Jornal de Poesia

 

 

 

 

 

 

 

Edna Menezes


 

ASPECTOS ANTROPOMÓRFICOS EM CONVERSA DE BOIS NA VIAGEM PELO LABIRINTO DE SAGARANA

 

“...Só falava artes compridas, idéia de homem, coisas que boi nunca conversou.” (Rosa,1984, p. 319).

 
 

Considerações preliminares:

 

O presente trabalho é balizado pela leitura de Conversa de bois, oitavo conto do livro Sagarana, do escritor Guimarães Rosa, e é determinada pelo aspecto antropomórfico, ou seja, pelo aspecto de animais apresentando características humanas. O aspecto antropomórfico de Conversa de bois justifica-se, não pela designação denotativa dos léxicos, os quais trazem o antropomorfismo como designação para animais com forma e aparência de homens. Neste estudo, a afirmação da presença de antropomorfismo deve-se pela semelhança na realização dos pensamentos, nos sentimentos e na noção de valores dos bois, atributos que são a realização máxima do ser humano. Nesse contexto, para chegar ao conto em enfoque, engendra-se um percurso pelo labirinto da obra, partindo do conto Burrinho Pedrês, eclodindo nossas considerações em Conversa de bois e terminando o percurso em A hora e vez de Augusto Matraga.

 

A viagem pelo labirinto:

Em sua leitura de Grande Sertão: Veredas, Marcelo Marinho afirma que, em carta enviada a seu tradutor italiano, Guimarães Rosa estabelece um paralelo entre os elementos metafísicos encontrados em seu livro e suas crenças pessoais (Marinho, 1999, p. 114). Mediante tal observação, decide-se abrir veredas por Sagarana aludindo a um percurso mítico - transcendente, com a corroboração das palavras do próprio escritor, em carta a João Condé e a Edoardo Bizzarri. Rosa escreve a Bizzarri dizendo, “E o burrinho pedrês pretendeu ser o resumo de uma concepção do universo, uma parábola. Uma anedota! Alguém disse. Gregamente concordo”[1]. E ainda afirma que Sagarana é, “...uma série de Histórias adultas da Carochinha.” (Rosa, 1984, P. 6)

Por conseguinte, observa-se que a palavra polissêmica de Guimarães Rosa reflete uma inquietude por abrir caminhos, por tentar alcançar o fio no labirinto e desmistificar, através da palavra, a cultura e os paradigmas vigentes. Outrossim, as imagens da narrativa Roseana trespassam a consciência e parece que se transformam, de forma fantástica, na própria noção de tempo e espaço.
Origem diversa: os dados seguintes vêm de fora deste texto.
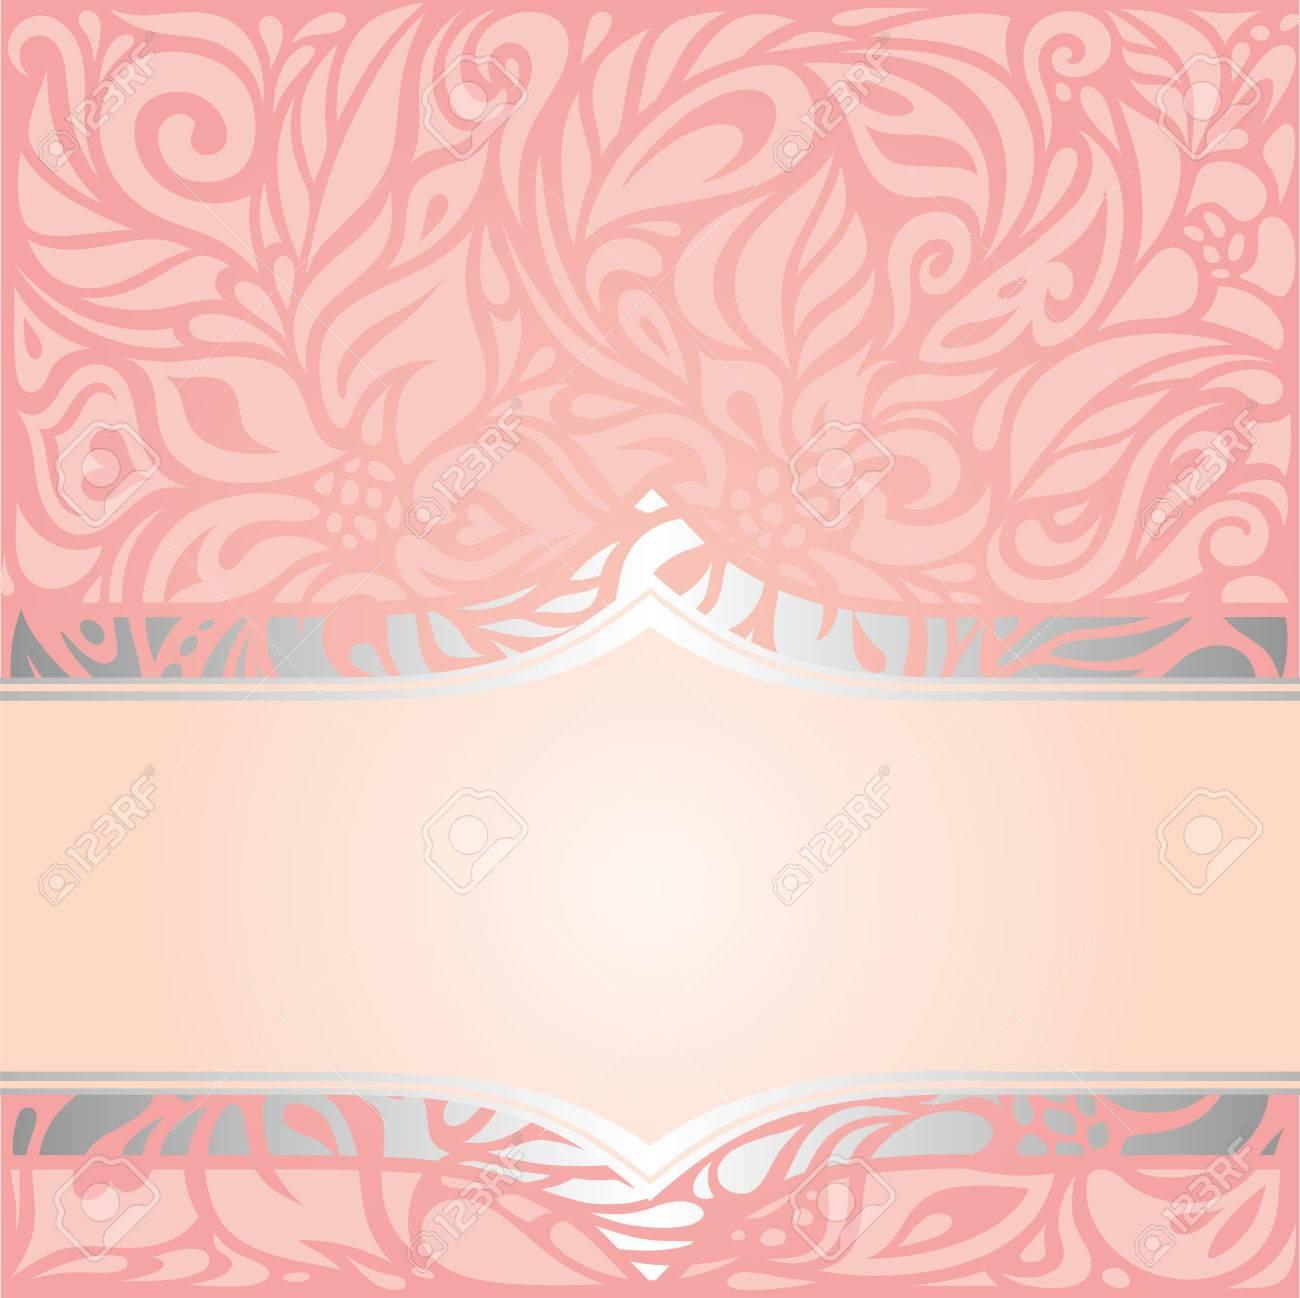 Pink Silver Retro Decorative Invitation Vintage Vector Wallpaper Design Stock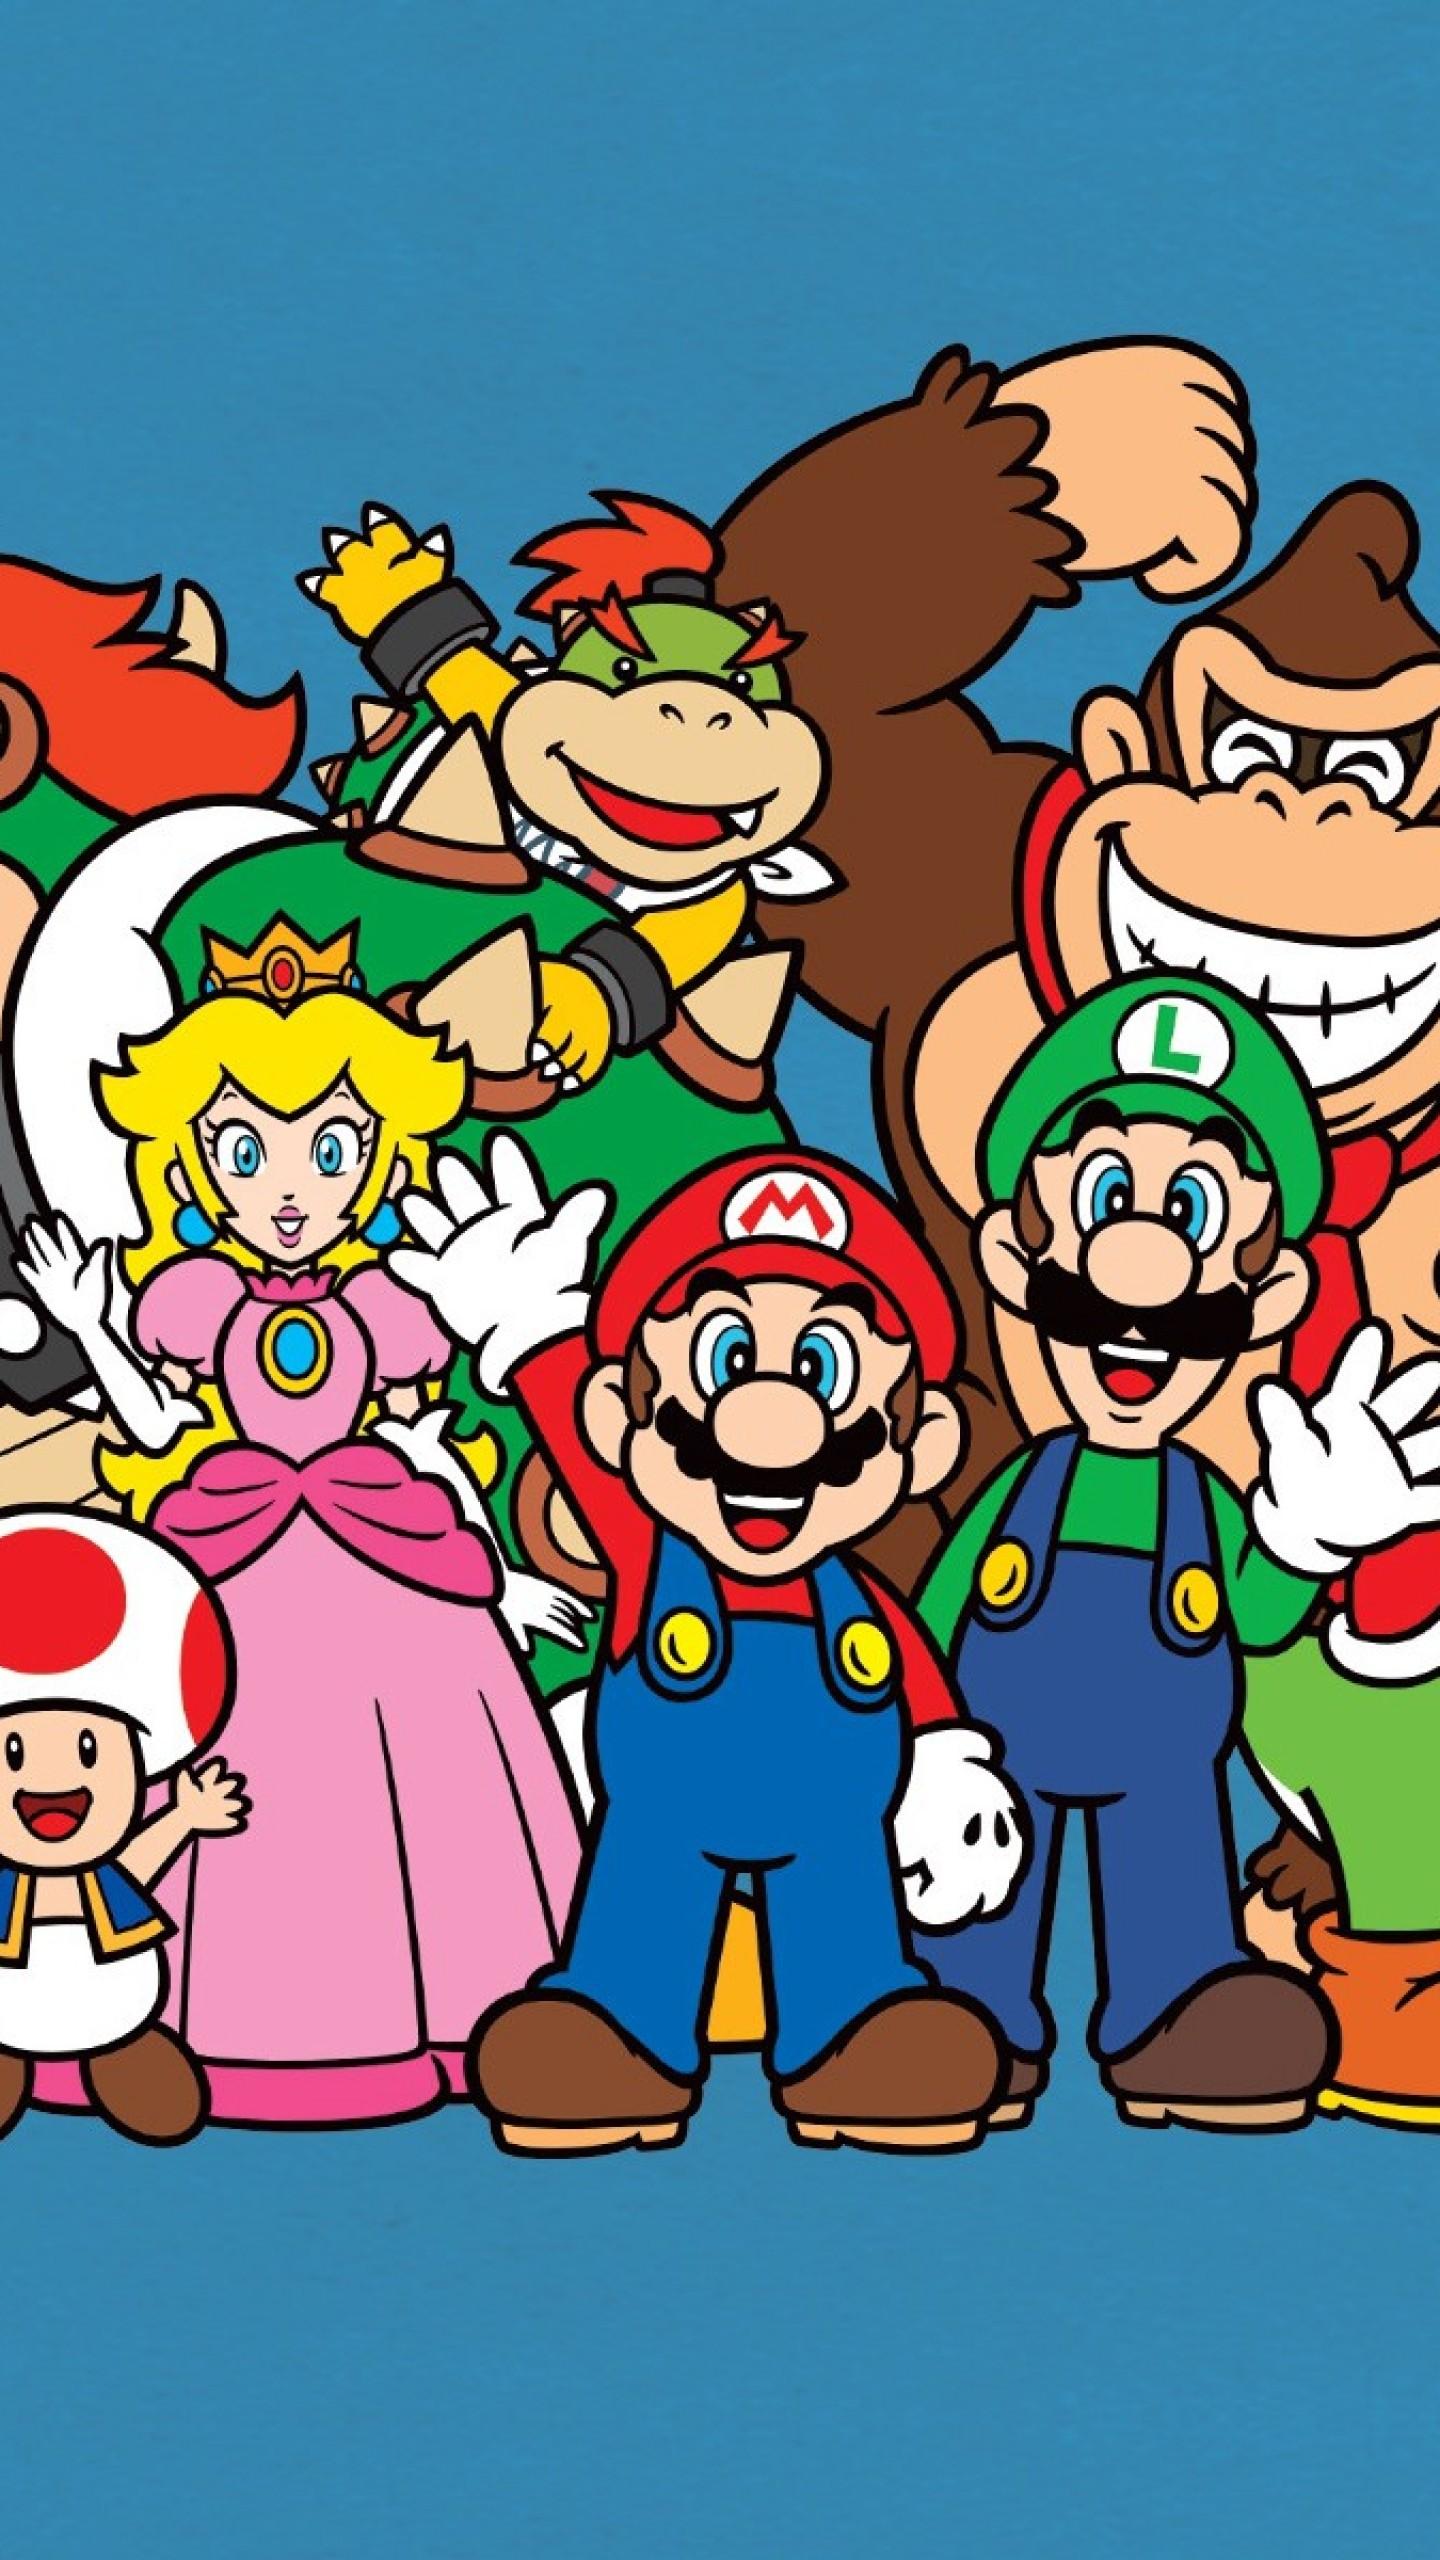 Preview wallpaper mario bros, luigi, yoshi, princess peach, donkey kong,  toad

Segundo Mary L. Daniel, é significante o título do primeiro volume de contos de Guimarães Rosa – Sagarana – como exemplo da justaposição de elementos. Segundo ela Saga é um substantivo comum, de proveniência germânica, e rana, adjetivo Tupi, que significa “tosco, rude” e que pode ser também “parecido com, mal feito” (Daniel, 1968, p. 70). Porém, o termo Saga é também compreendido como sinônimo de “destino, sina”[2]. Se o termo assim for considerado, ter-se-á Sagarana como “destino rude, tosco”, ou ainda algo “parecido com destino”.

Ora, se a justaposição de elementos do título da obra pode remeter a destino, então, torna-se possível tecer considerações por este caminho. Portanto, conforme observa Suzi Sperber, em o burrinho pedrês a estória não servirá estritamente para um causo, ou causos de uma região (Sperber, 1972, p.32). Na verdade, o conto servirá de porta de entrada no percurso da busca da palavra em Sagarana. O que será um trabalho paciente, de espera, sem lutas contra as forças sobrenaturais, pois aos poucos o homem “homem humano” vai  se mostrando fraco e à mercê do destino, da “Saga”, tanto que ao chegar em Conversa de bois, não possui o dom da palavra, o qual é transposto para os bois. Quanto ao menino, este apenas emite o som que nomeia os bois.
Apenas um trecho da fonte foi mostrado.